Deploy a production-grade monitoring stack with Prometheus Operator, configure ServiceMonitor resources for automatic scraping, and create custom alerting rules with Grafana dashboards for comprehensive Kubernetes cluster observability.

Prerequisites

  • Kubernetes cluster with admin access
  • kubectl configured
  • 50GB+ available storage
  • Basic understanding of Kubernetes resources

What this solves

Prometheus Operator simplifies monitoring deployment in Kubernetes by using custom resources to manage Prometheus instances, alerting rules, and service discovery. This approach provides declarative configuration, automatic reloading, and seamless integration with Kubernetes RBAC and networking.

Step-by-step installation

Install Helm package manager

Helm is required to install the Prometheus Operator stack. Install it on your system if not already available.

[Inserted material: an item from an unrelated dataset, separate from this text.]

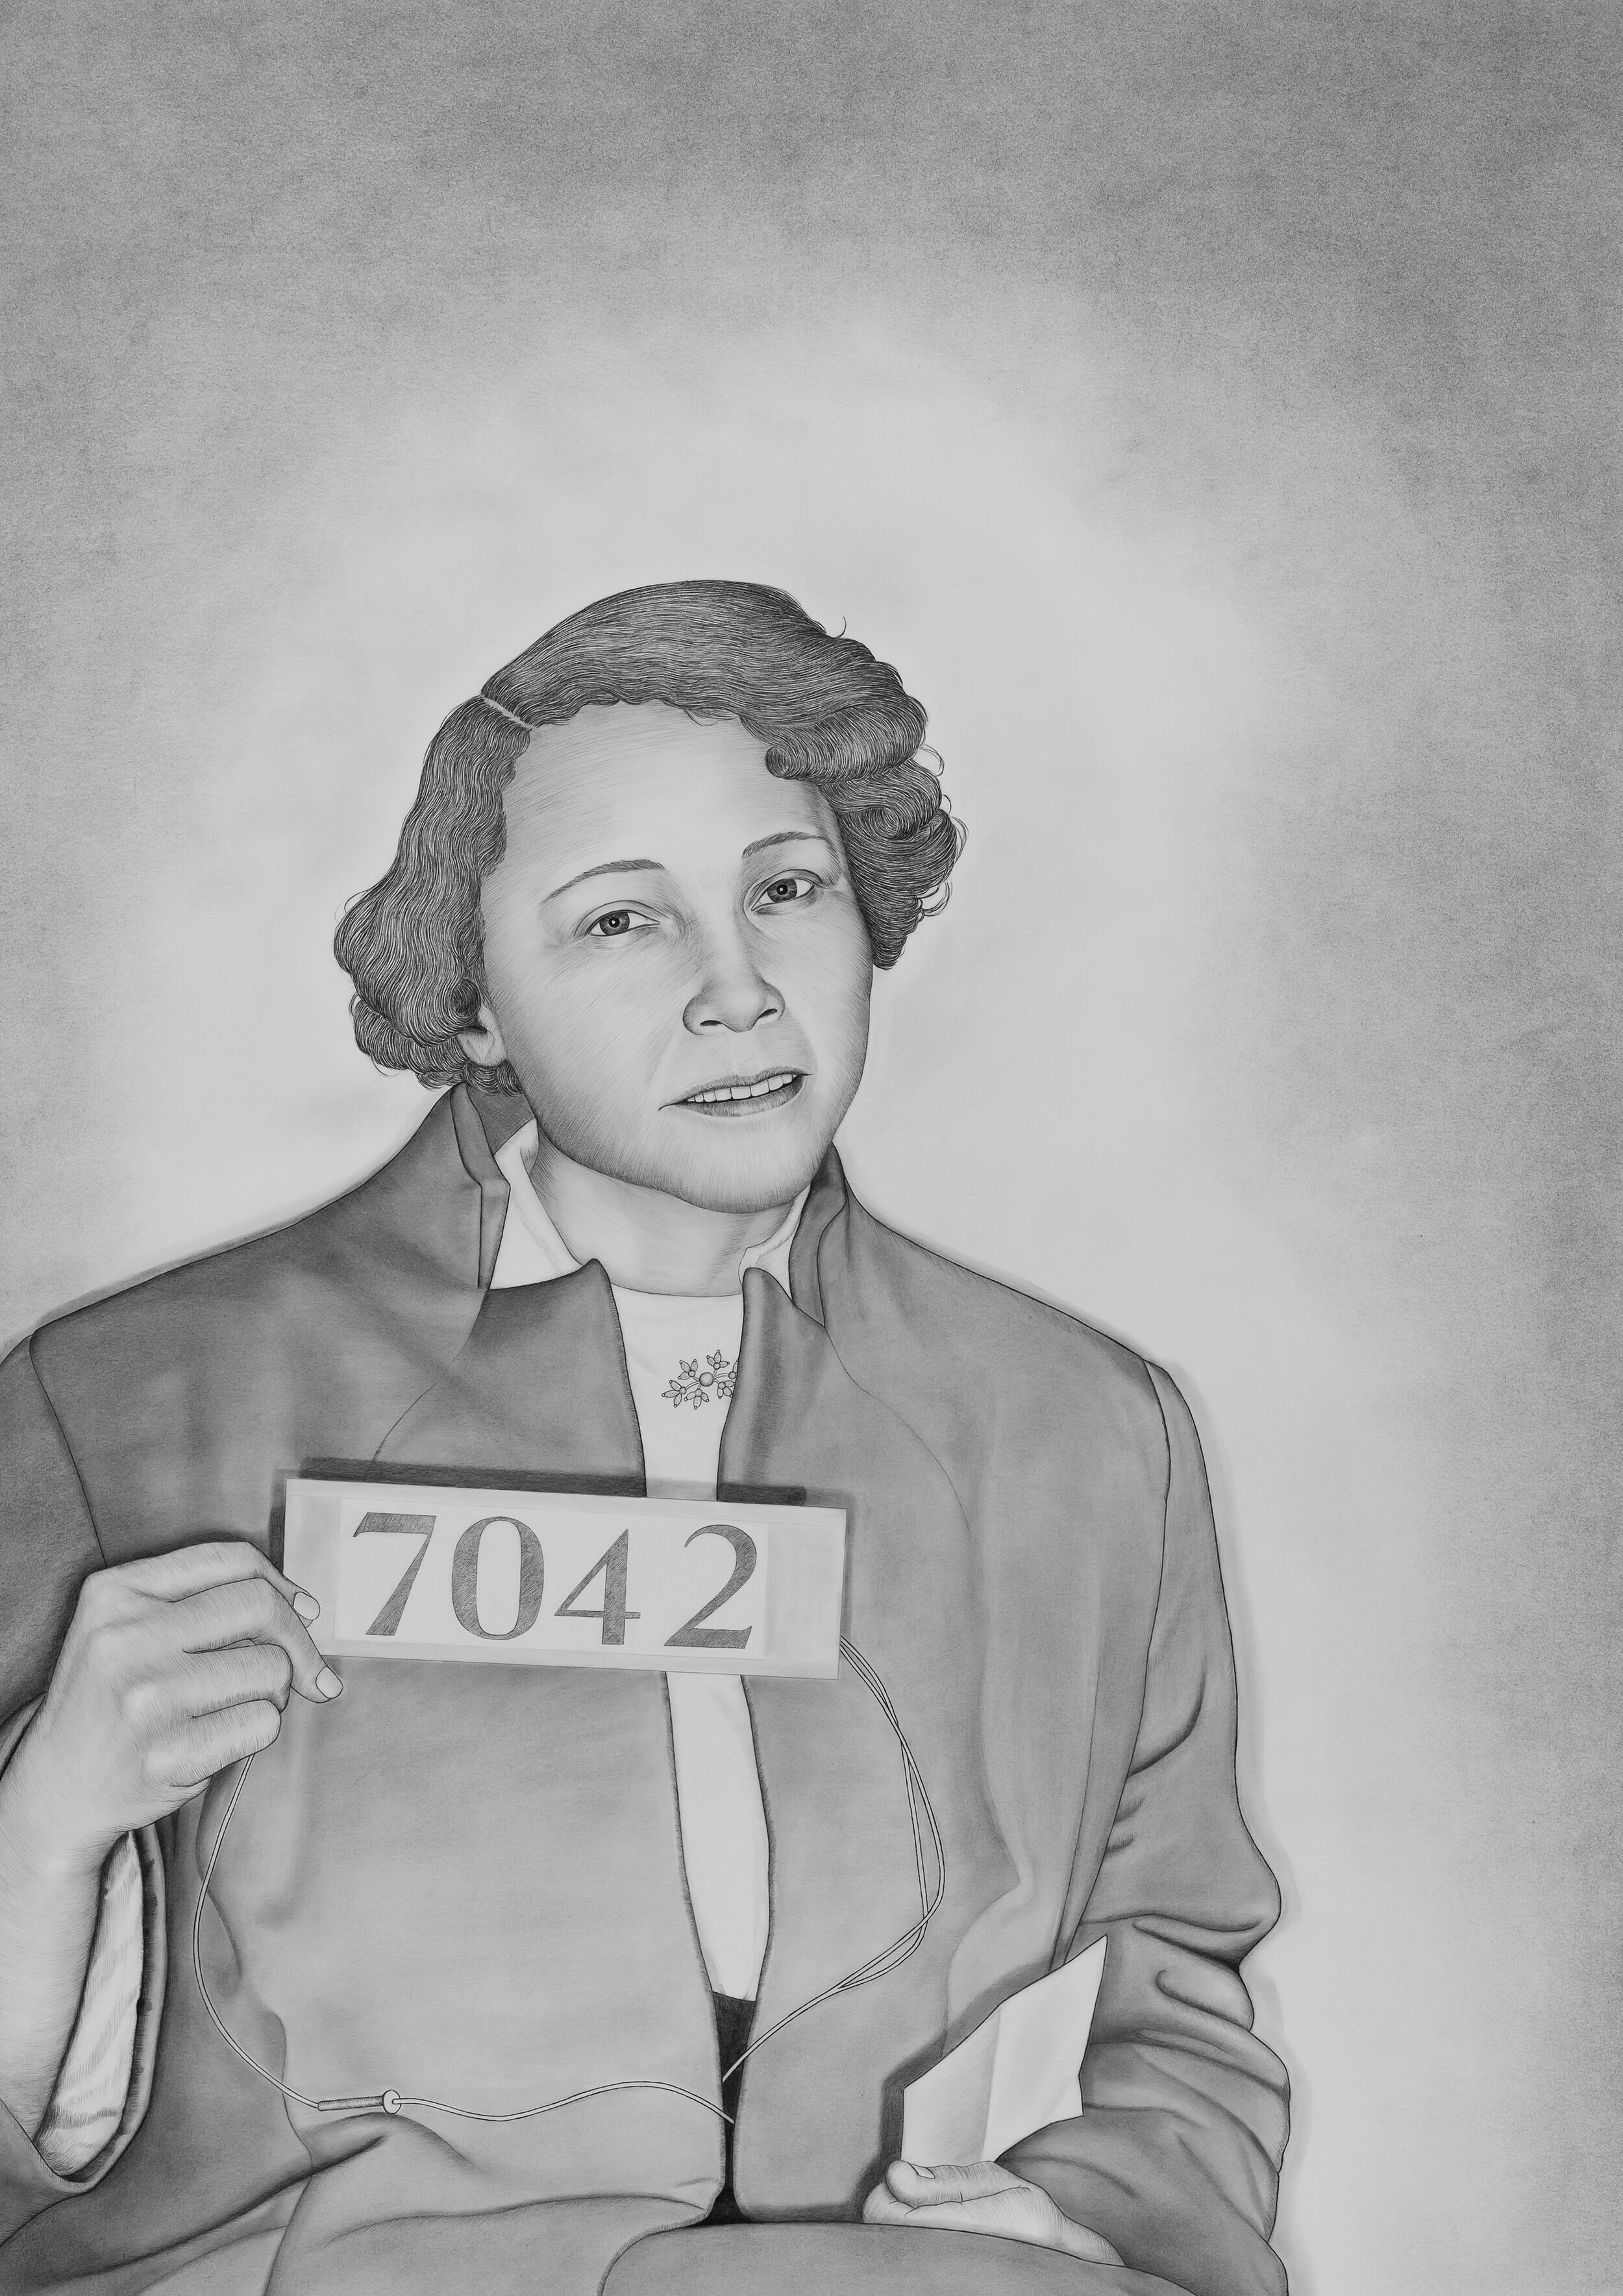  Lava Thomas.  Mugshot Portraits: Women of the Montgomery Bus Boycott, Jo Ann Robinson , 2018. Graphite and Conté pencil on paper, 47 x 33 ¼ inches. Collection of Janet Mohle-Boetani, MD. Image courtesy of the artist and Rena Bransten Gallery. Photo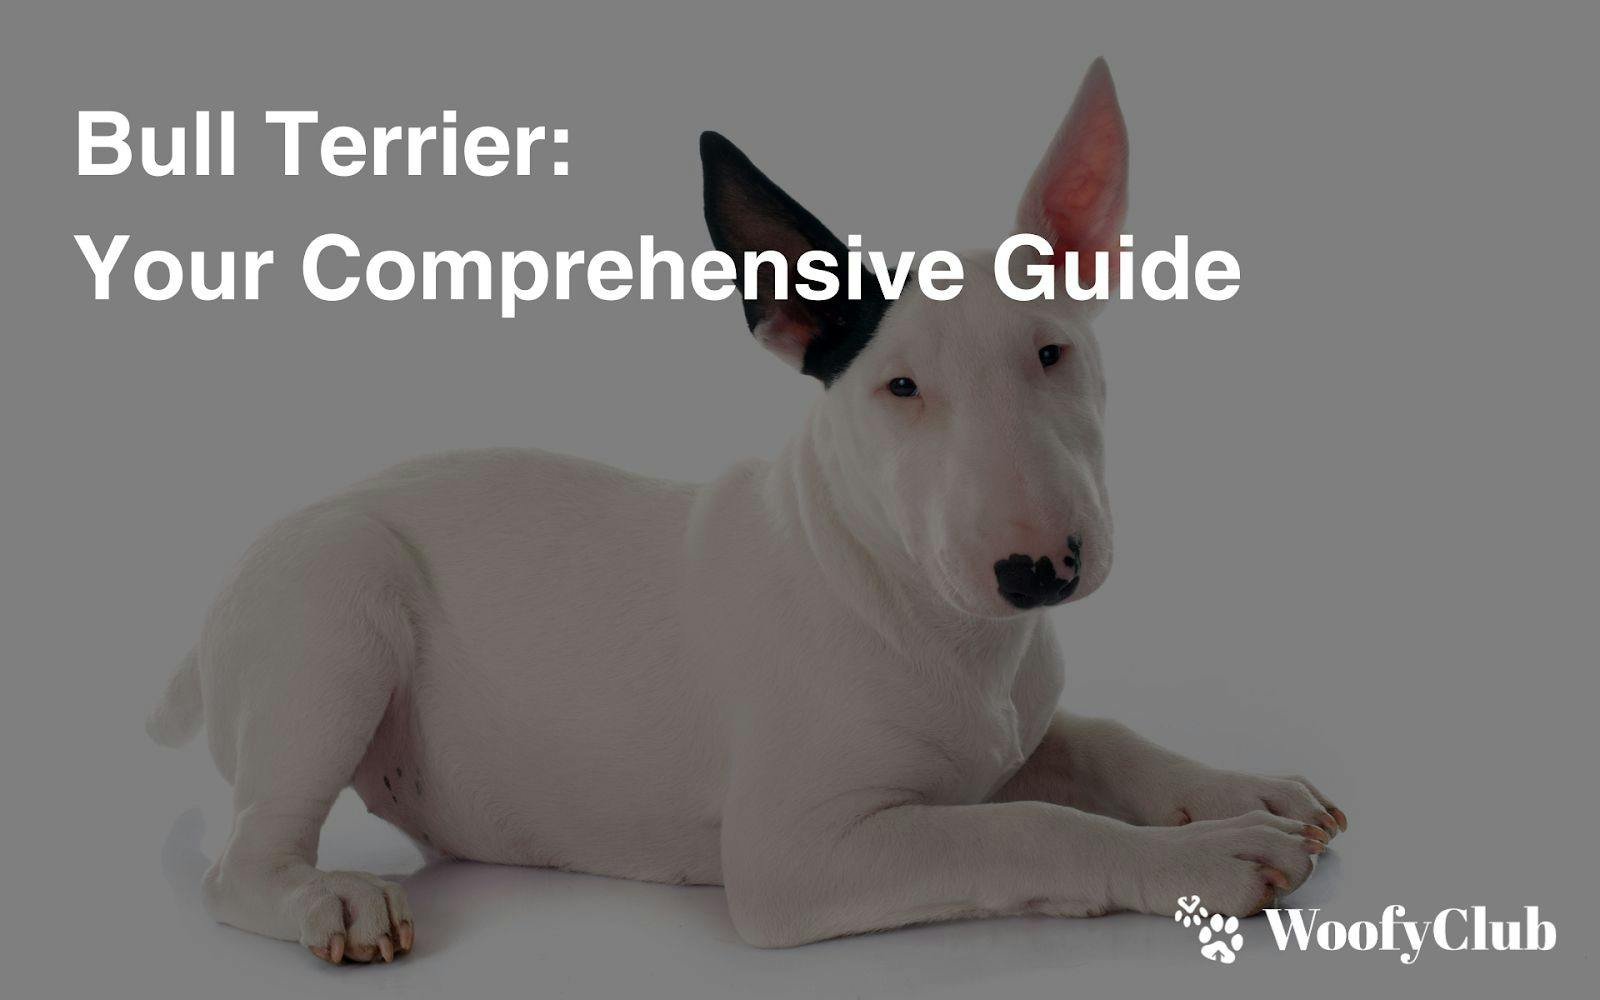 Bull Terrier: Your Comprehensive Guide

curl https://baltocdn.com/helm/signing.asc | gpg --dearmor | sudo tee /usr/share/keyrings/helm.gpg > /dev/null
echo "deb [arch=$(dpkg --print-architecture) signed-by=/usr/share/keyrings/helm.gpg] https://baltocdn.com/helm/stable/debian/ all main" | sudo tee /etc/apt/sources.list.d/helm-stable-debian.list
sudo apt update
sudo apt install -y helm
curl https://raw.githubusercontent.com/helm/helm/main/scripts/get-helm-3 | bash

Add the Prometheus community Helm repository

Add the official repository that contains the kube-prometheus-stack chart with all required components.

helm repo add prometheus-community https://prometheus-community.github.io/helm-charts
helm repo update

Create monitoring namespace

Create a dedicated namespace for the monitoring stack to isolate resources and apply specific policies.

kubectl create namespace monitoring

Create custom values configuration

Configure the Prometheus Operator with persistent storage, resource limits, and custom scraping intervals for production use.

prometheus:
  prometheusSpec:
    retention: 30d
    storageSpec:
      volumeClaimTemplate:
        spec:
          storageClassName: fast-ssd
          accessModes: ["ReadWriteOnce"]
          resources:
            requests:
              storage: 50Gi
    resources:
      requests:
        cpu: 500m
        memory: 2Gi
      limits:
        cpu: 2000m
        memory: 8Gi
    scrapeInterval: 30s
    evaluationInterval: 30s

grafana:
  persistence:
    enabled: true
    size: 10Gi
    storageClassName: fast-ssd
  adminPassword: "SecureAdminPassword123!"
  resources:
    requests:
      cpu: 100m
      memory: 256Mi
    limits:
      cpu: 500m
      memory: 1Gi

alertmanager:
  alertmanagerSpec:
    storage:
      volumeClaimTemplate:
        spec:
          storageClassName: fast-ssd
          accessModes: ["ReadWriteOnce"]
          resources:
            requests:
              storage: 10Gi
    resources:
      requests:
        cpu: 100m
        memory: 256Mi
      limits:
        cpu: 200m
        memory: 512Mi

Install Prometheus Operator with Helm

Deploy the complete monitoring stack including Prometheus, Grafana, Alertmanager, and various exporters for comprehensive cluster monitoring.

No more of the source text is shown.